Skip-Gram의 원리는 CBoW와 크게 다르지 않지만 중심 단어를 보고 어떤 주변 단어가 존재하는지 예측하는 모델이며, Skip-Gram은 CBoW와 같이 매우 간단한 인공신경망 모델이며, 입력층과 출력층만 CBoW와 반대인 구조이다. 이처럼 유사한 두 방식을 두고 여러 논문에서 성능 비교를 진행하였고, 그 결과 전반적으로 Skip-Gram이 CBoW보다 좋은 성능을 보인다고 알려져 있다.The principle of Skip-Gram is not very different from CBoW, but it is a model that predicts which surrounding words exist by looking at the central word. am. Performance comparison was conducted in several papers with these two similar methods, and as a result, Skip-Gram is known to show better performance than CBoW overall.

전술한 CBoW 및 Skip-Gram의 두 가지 방식은 입력으로 주어진 단어를 N차원의 벡터로 투영한 뒤, softmax함수를 이용하여 출력 단어를 맞추도록 학습되면서 학습 속도가 매우 느려진다는 단점이 있을 수 있는데, 이는 정확한 계산을 위해 데이터 셋에 존재하는 모든 단어를 한꺼번에 고려하여 계산량이 매우 커지기 때문이다. Word2Vec이 상용화되기 시작하면서 해당 단점을 극복하기 위해 hierarchical softmax와 negative sampling이라는 두 가지 방법이 제안되고 있다.The aforementioned two methods, CBoW and Skip-Gram, project a word given as an input into an N-dimensional vector, and then learn to match the output word using the softmax function. This is because the amount of calculation is very large by considering all words in the data set at once for accurate calculation. As Word2Vec begins to be commercialized, two methods, hierarchical softmax and negative sampling, have been proposed to overcome this drawback.

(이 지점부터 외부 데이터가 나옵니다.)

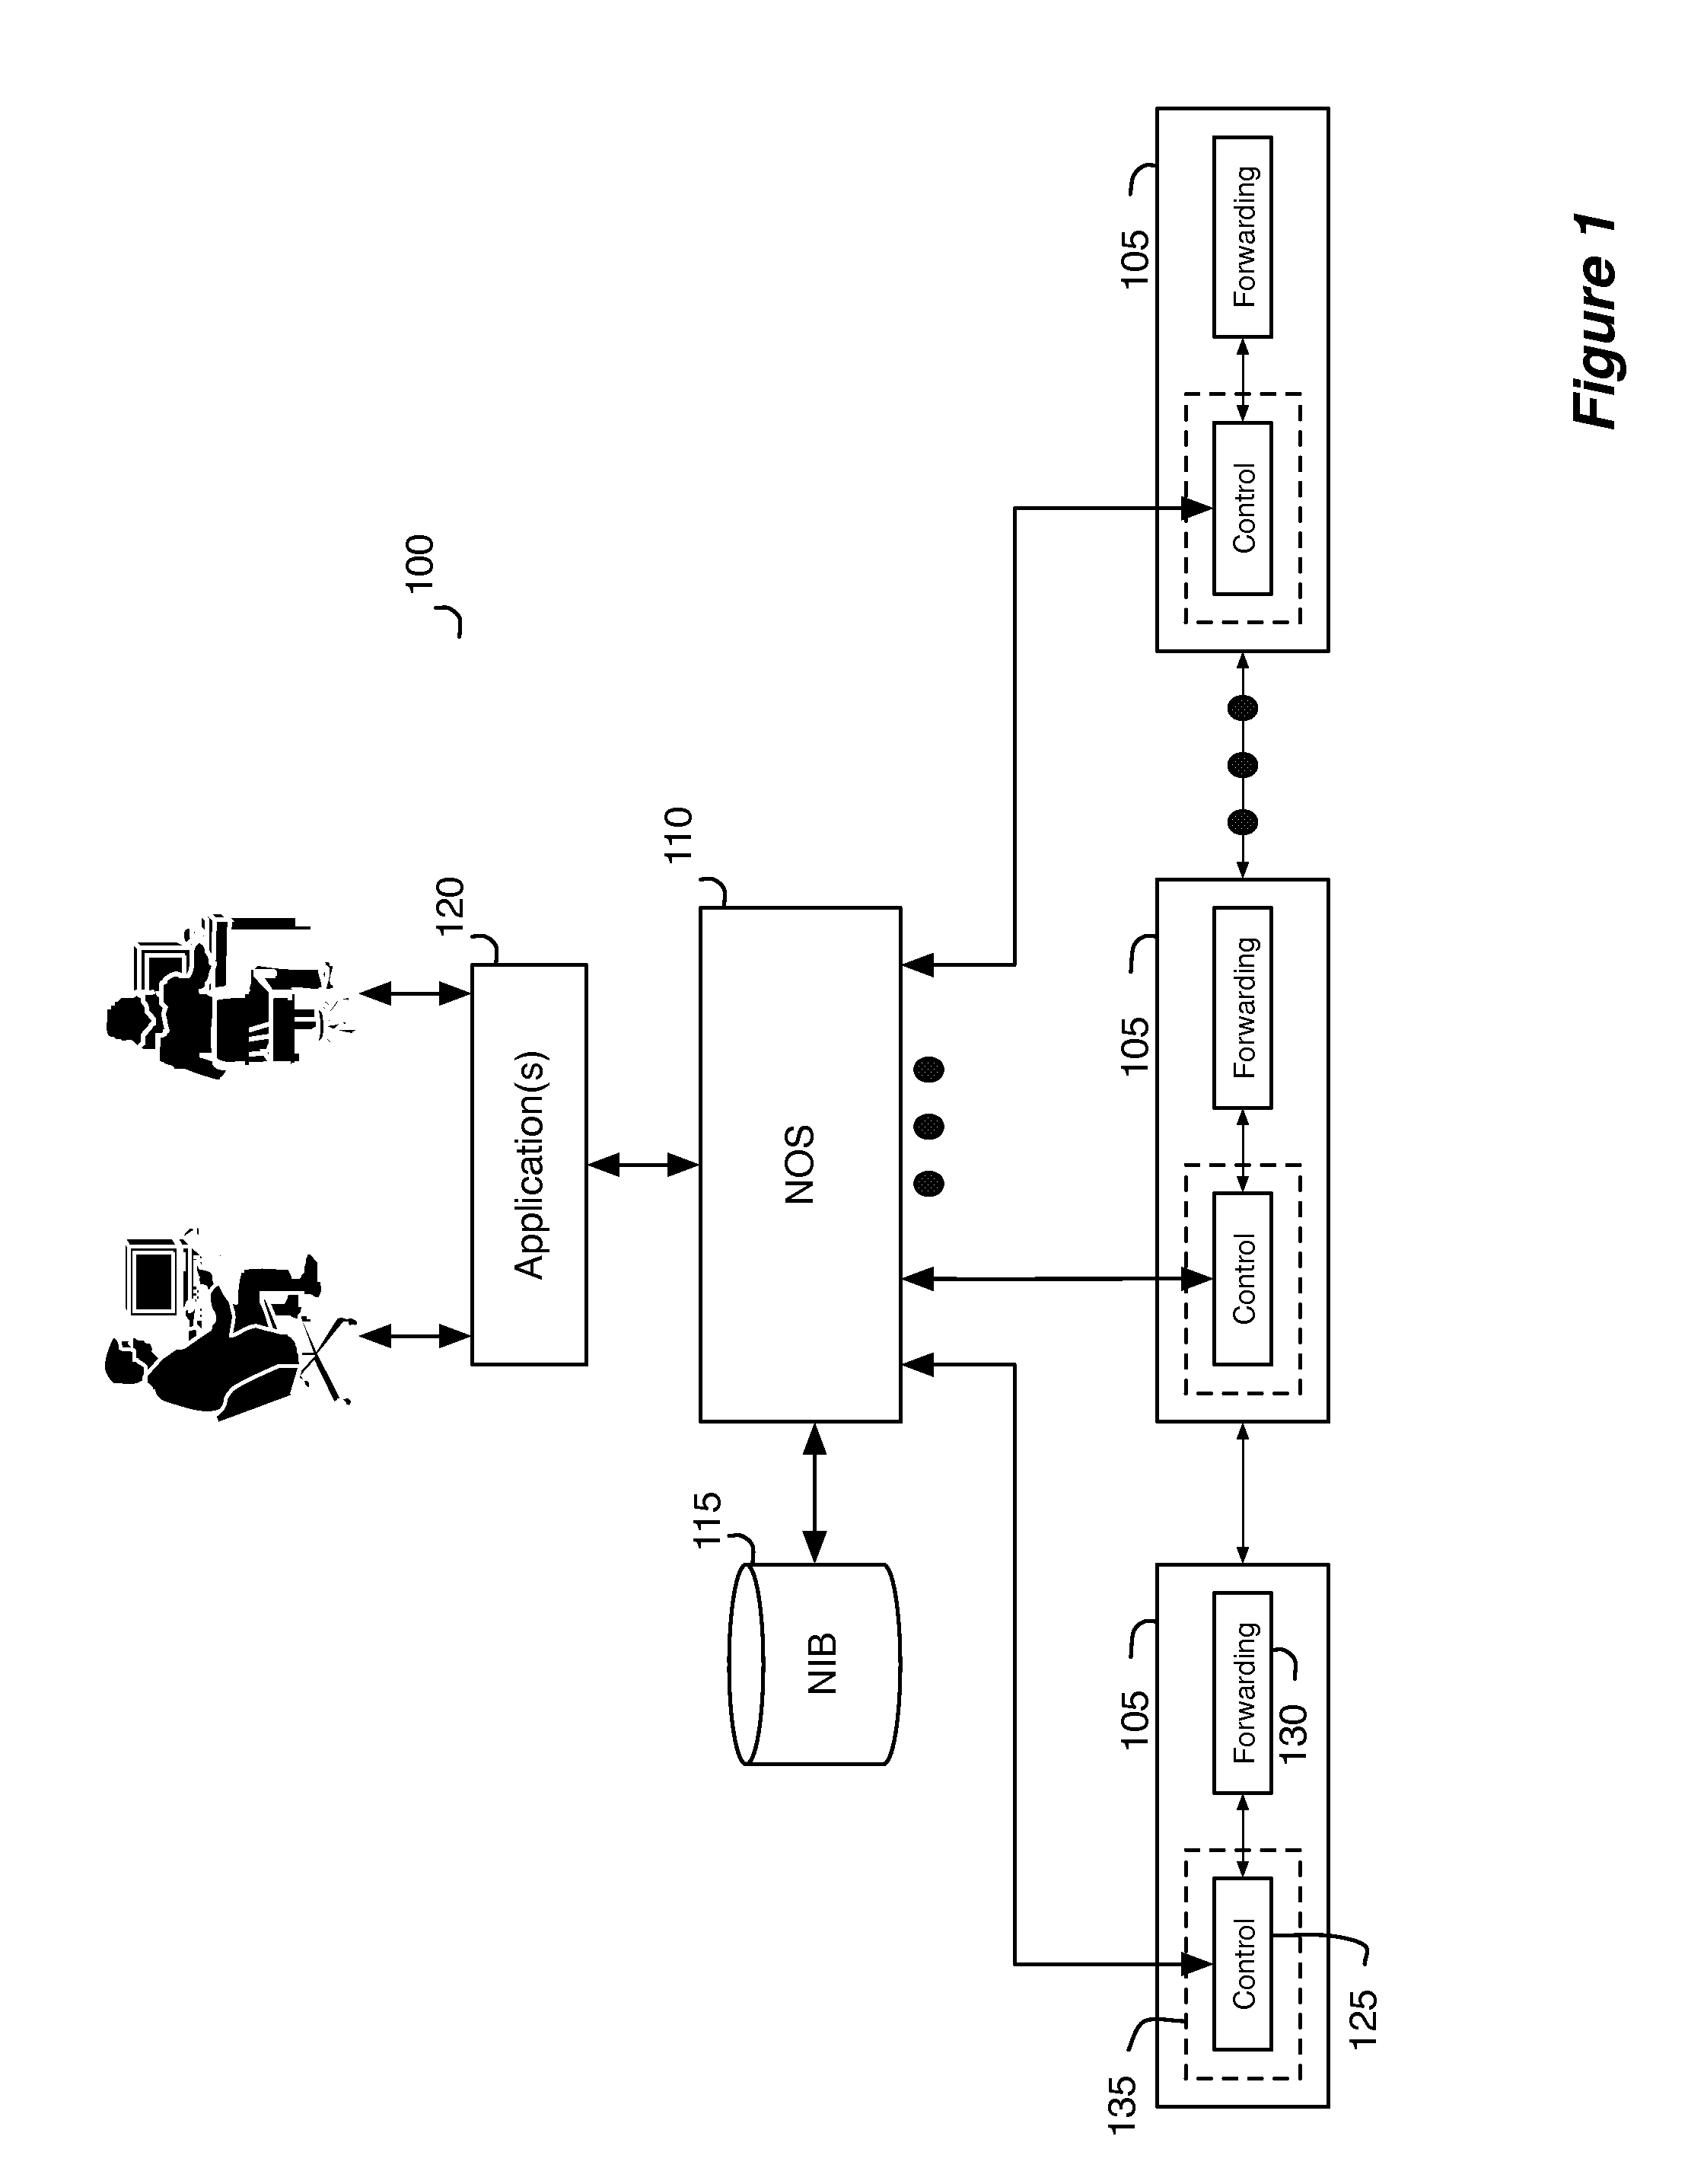 Network control apparatus and method for populating logical datapath sets

Hierarchical softmax는 순수하게 softamx함수를 빠르게 계산하기 위한 것으로서, 모든 단어 별 등장 빈도를 고려하여 이진 트리(binary tree)를 구성하는 방법이다.Hierarchical softmax is purely for quickly calculating the softamx function, and it is a method of constructing a binary tree considering the frequency of appearance of every word.

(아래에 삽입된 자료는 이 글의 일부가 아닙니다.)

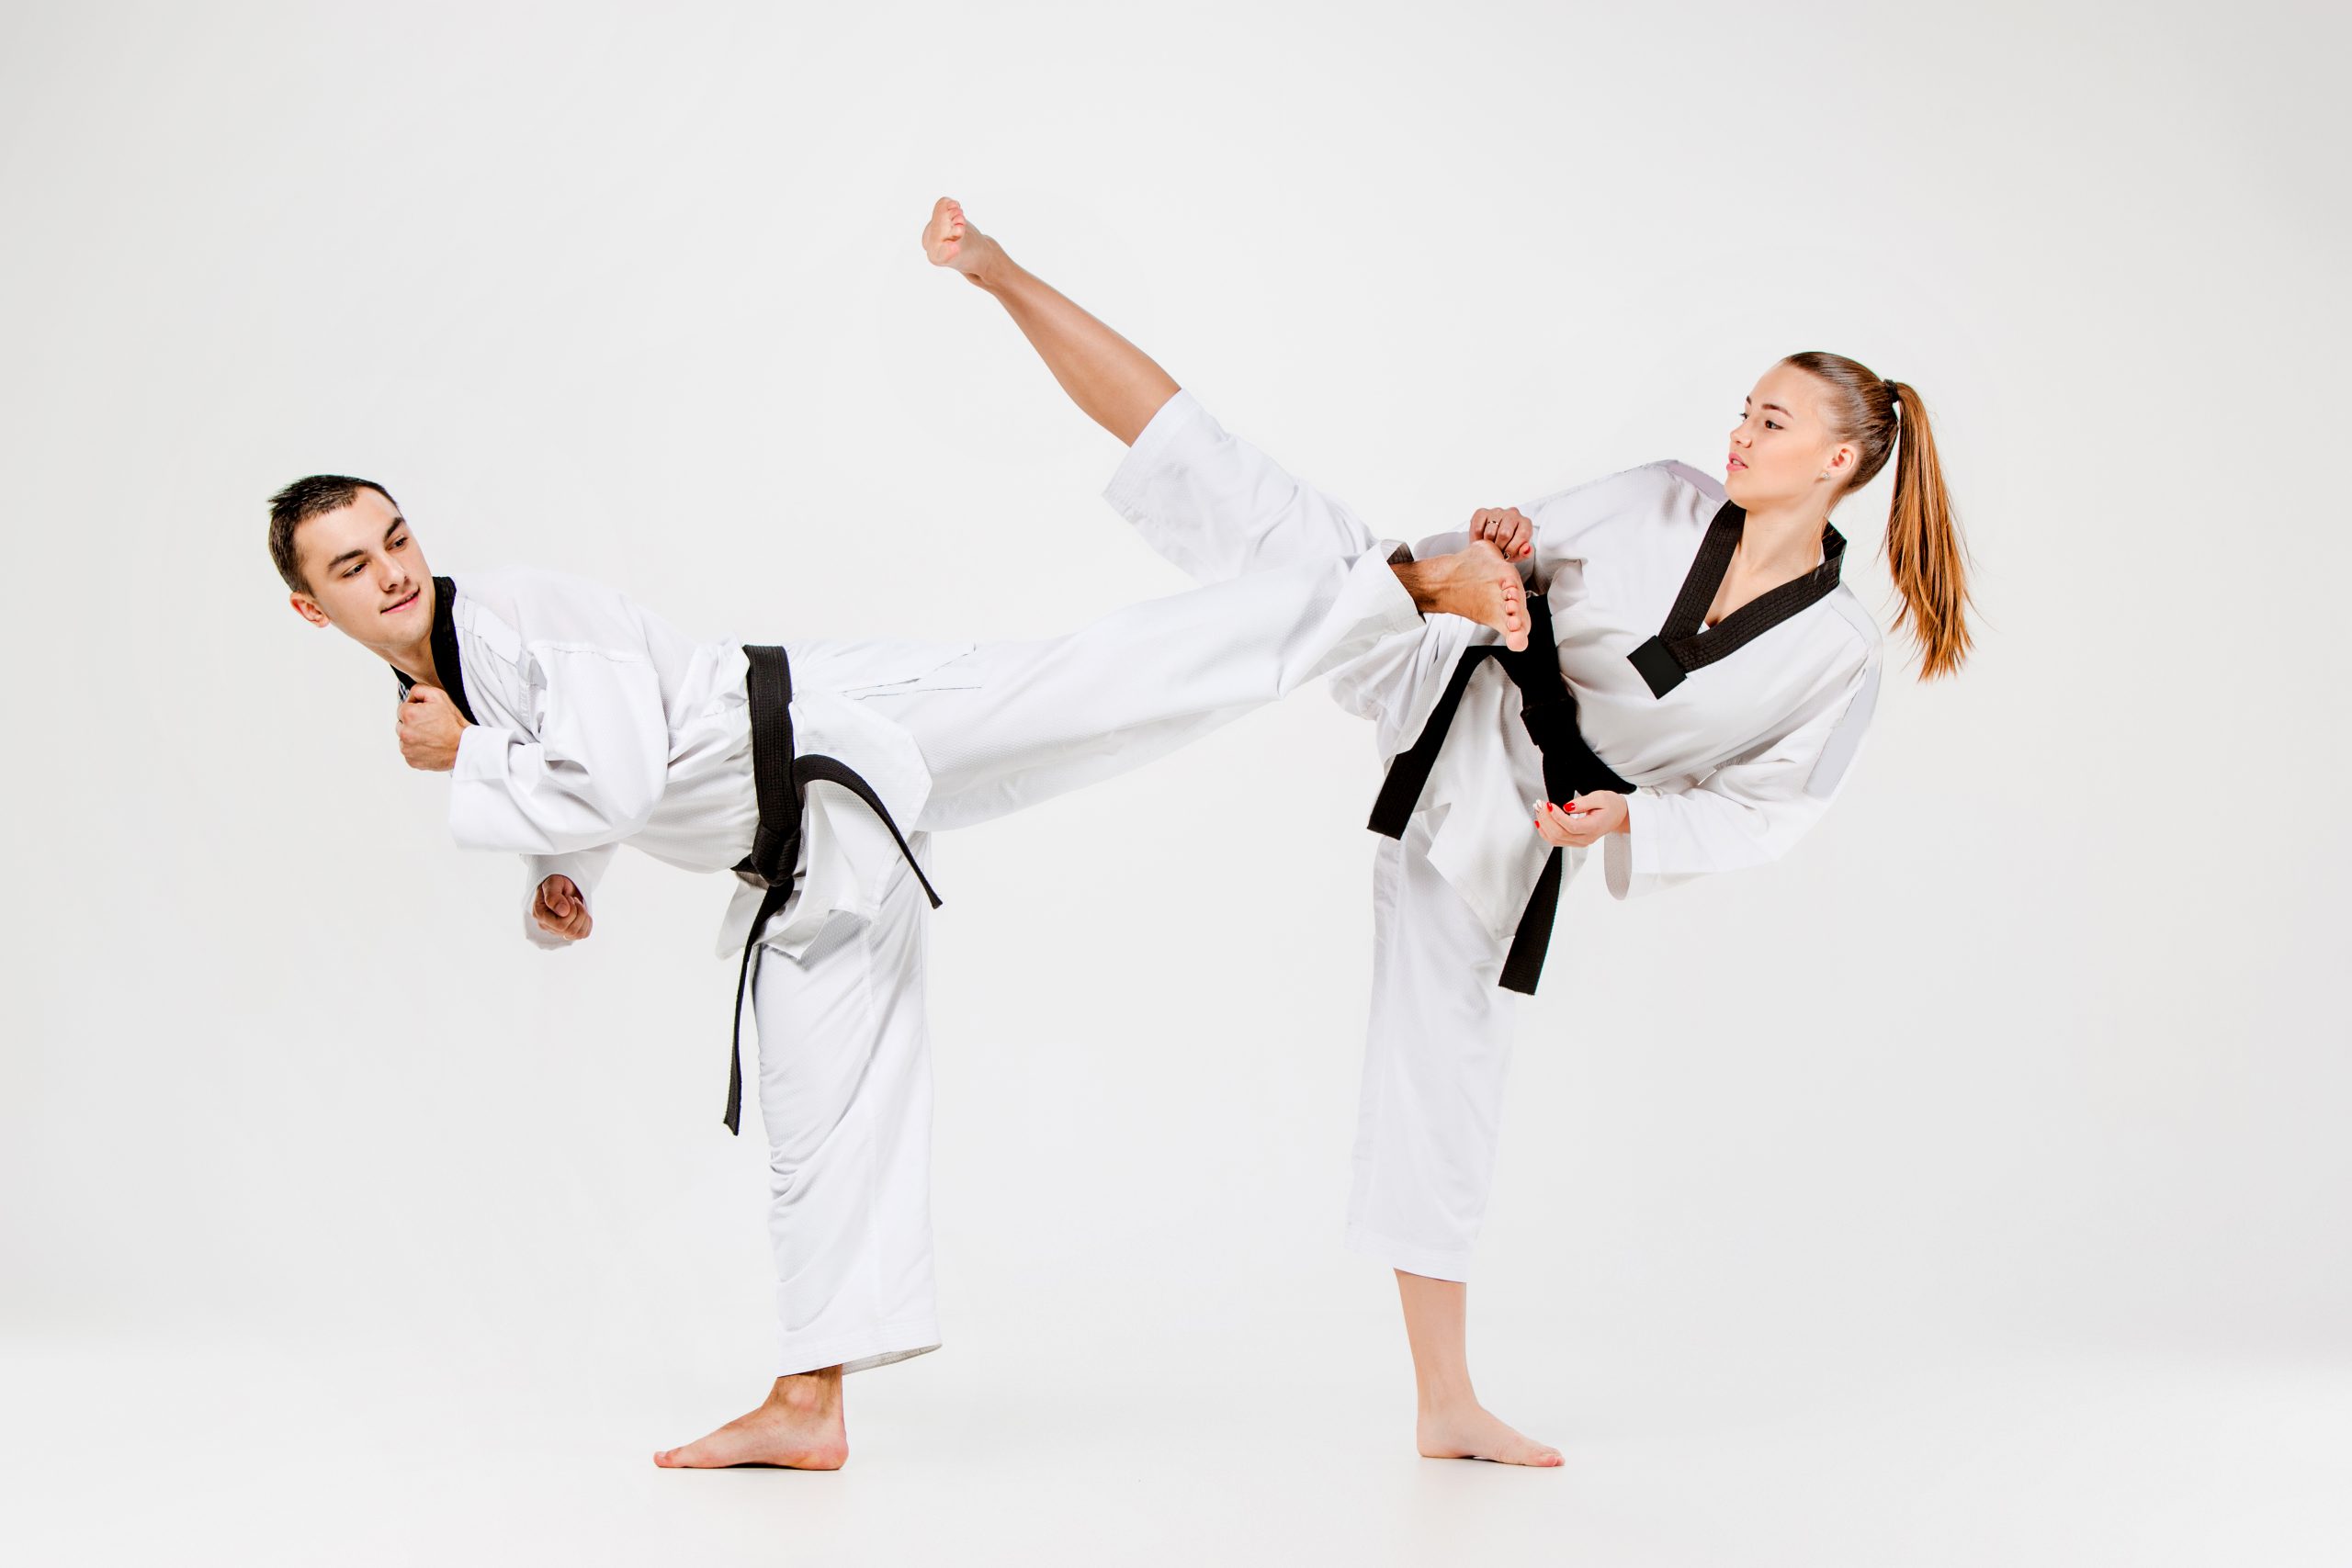 The karate girl and boy in white kimono and black belt training karate over gray background.

분석부는 이러한 신경망에 사용자 고객 모델링 데이터를 입력하여 키워드의 문맥 정보를 나타내는 벡터 값을 제1 벡터 값으로 산출할 수 있다. 키워드 분석부는 고객 모델링 데이터를 단어 수준으로 분리하여 신경망에 입력하여 각 필터링된 결과의 문맥 정보를 나타내는 벡터 값을 제2 벡터 값으로 산출할 수 있다. 분석부는 제1 벡터 값 및 복수의 제2 벡터 값 간의 유사도를 산출하고, 그 유사도가 가장 높은 제2 벡터 값을 추출할 수 있으며, 추출한 제2 벡터 값에 해당하는 사용자 고객 모델로서 추출할 수 있다.The analysis unit may input the user customer modeling data into the neural network to calculate a vector value representing context information of a keyword as a first vector value. The keyword analyzer may divide the customer modeling data into word levels, input the data into the neural network, and calculate a vector value representing context information of each filtered result as a second vector value. The analysis unit may calculate the similarity between the first vector value and the plurality of second vector values, extract the second vector value having the highest similarity, and extract it as a user customer model corresponding to the extracted second vector value .

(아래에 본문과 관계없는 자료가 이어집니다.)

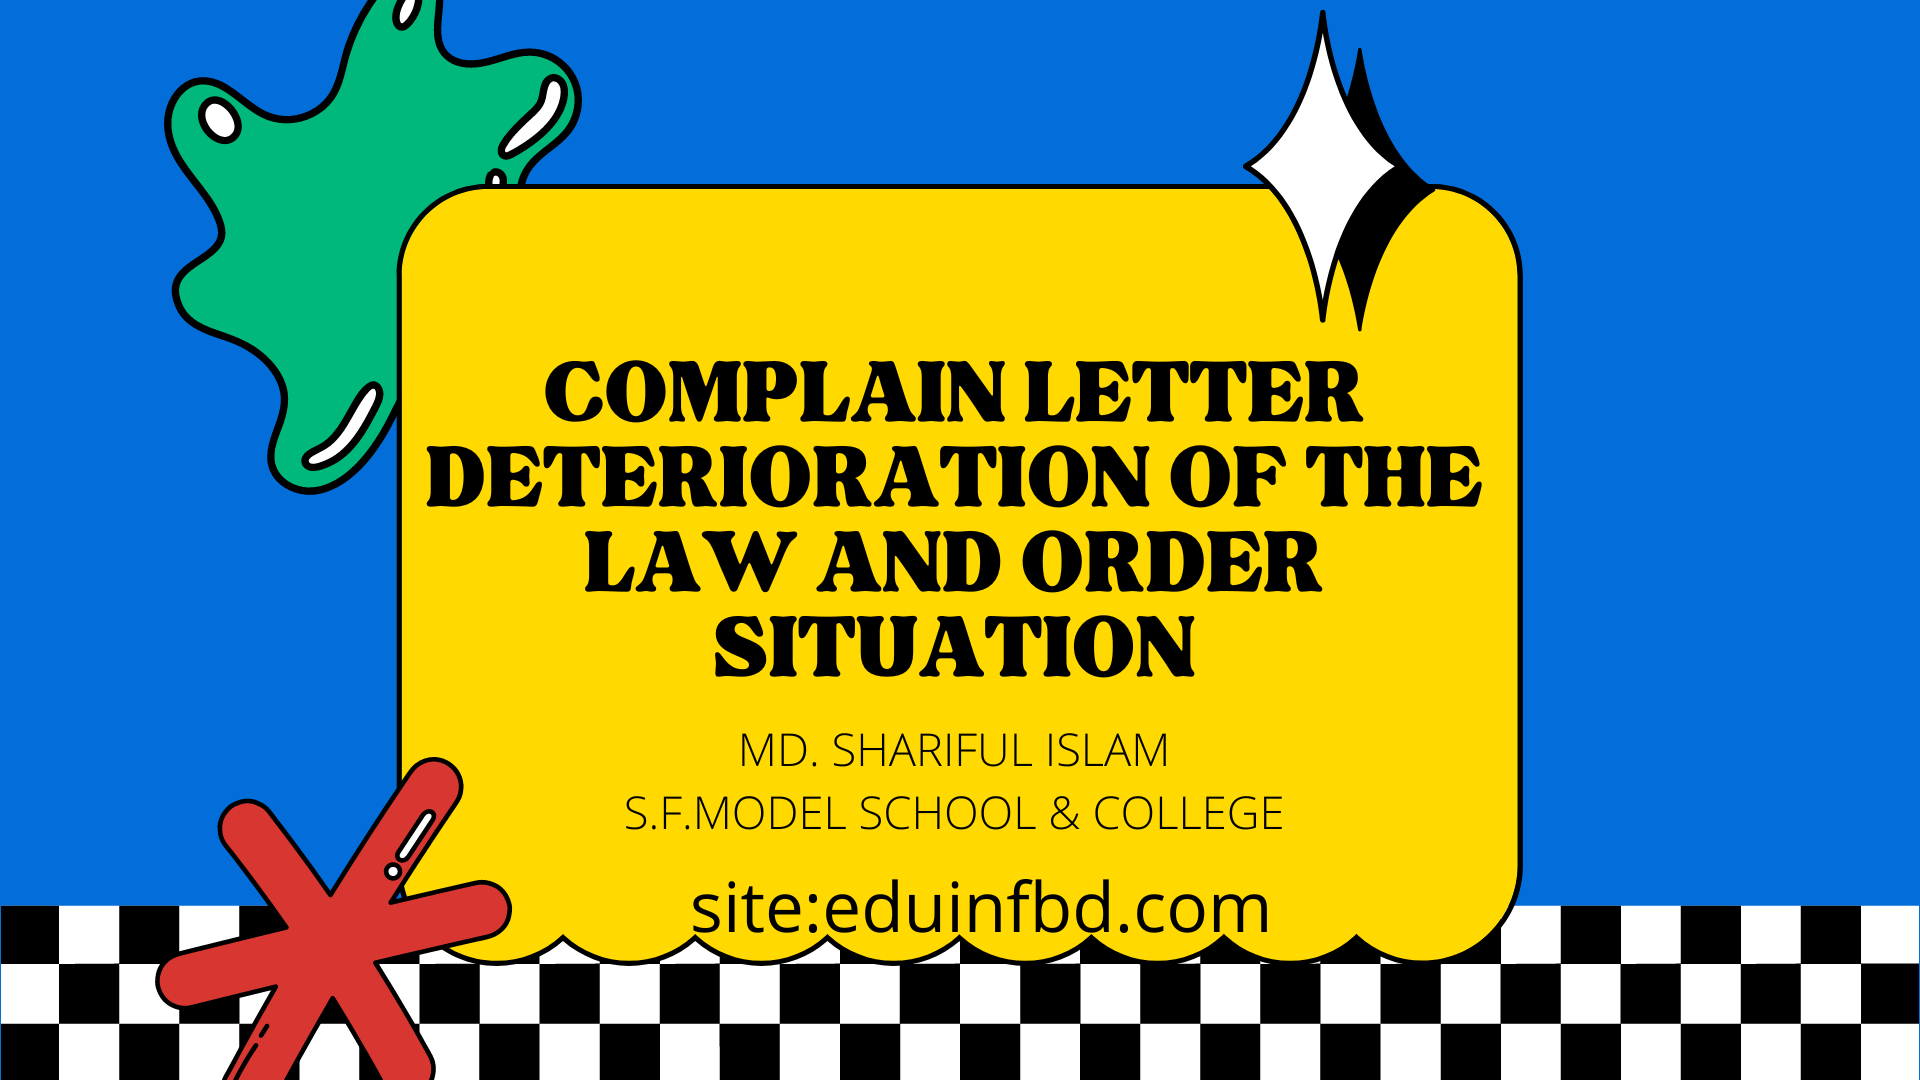 Complain letter deterioration of the law and order situation

시스템은 데스크탑 컴퓨터, 랩탑 컴퓨터 등 개인용 컴퓨터, 스마트폰, PDA(Personal Digital Assistant), PMP(Portable Multimedia Player), 태블릿 PC 등 모바일 기기, 웨어러블 기기, 또는 서버 등 네트워크 접속이 가능한 통신 기기일 수 있으며, 그 종류나 개수에 제한이 없다.The system may be a personal computer such as a desktop computer or a laptop computer, a smart phone, a personal digital assistant (PDA), a portable multimedia player (PMP), a mobile device such as a tablet PC, a wearable device, or a communication device capable of network access such as a server, There is no limit to the type or number of them.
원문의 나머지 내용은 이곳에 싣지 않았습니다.